Assigned task> Write out again, exactly, the lines below starting at the one with "Bonos en efectivo en casinos virtuales" and ending at the one with "Ansicht von einem".

Material provided>

^^^^^^^^

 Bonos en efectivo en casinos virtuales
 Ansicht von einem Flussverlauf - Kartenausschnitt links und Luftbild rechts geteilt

^^^^^^^^

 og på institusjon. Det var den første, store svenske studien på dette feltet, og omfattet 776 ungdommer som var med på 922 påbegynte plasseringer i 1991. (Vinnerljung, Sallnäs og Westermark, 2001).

^^^^^^^^

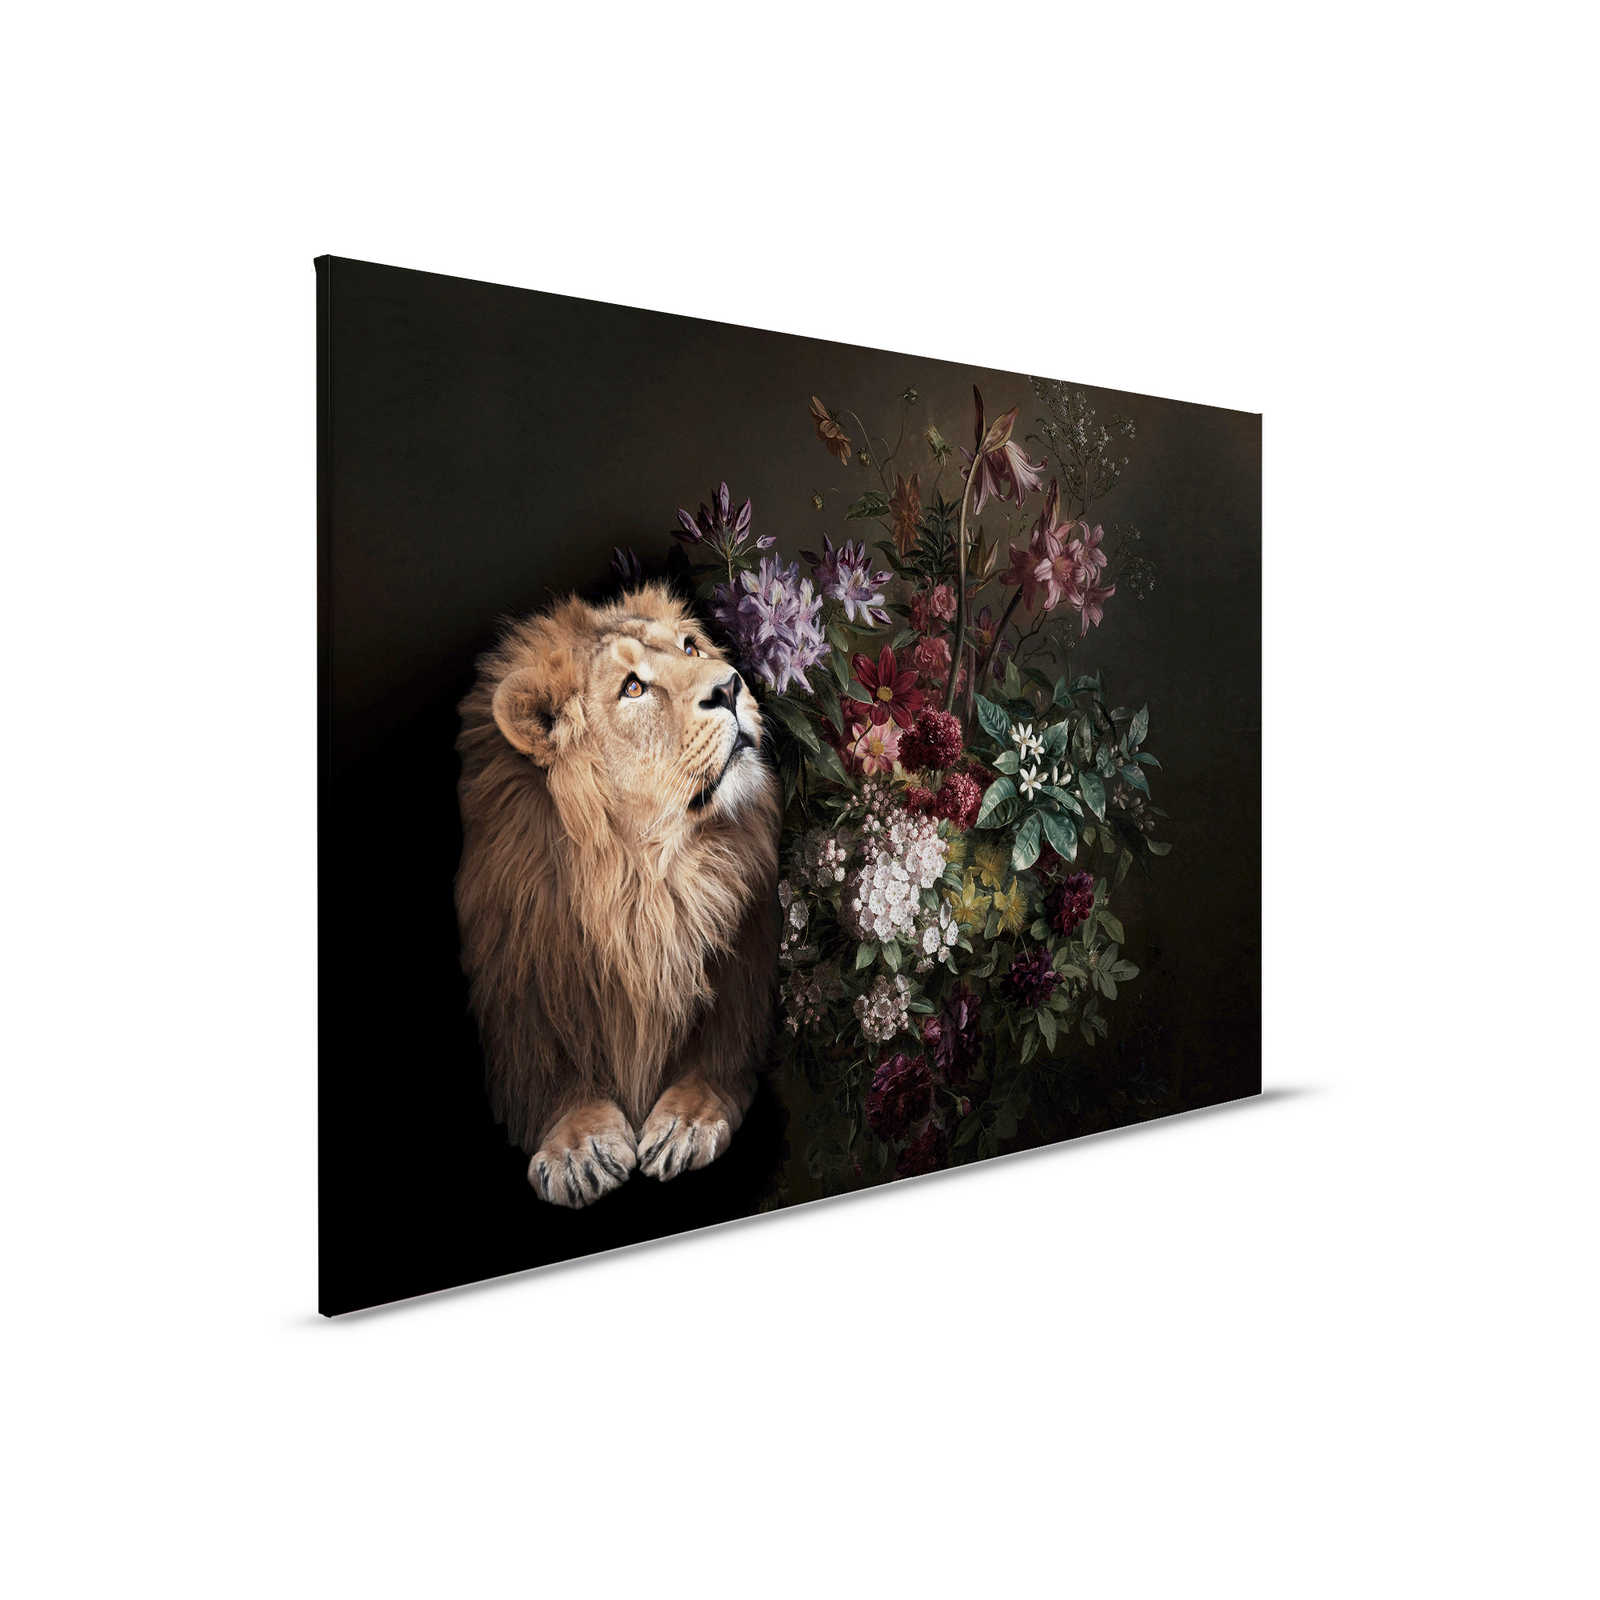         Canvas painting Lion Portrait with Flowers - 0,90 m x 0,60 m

^^^^^^^^

Output of the task>
 Bonos en efectivo en casinos virtuales
 Ansicht von einem Flussverlauf - Kartenausschnitt links und Luftbild rechts geteilt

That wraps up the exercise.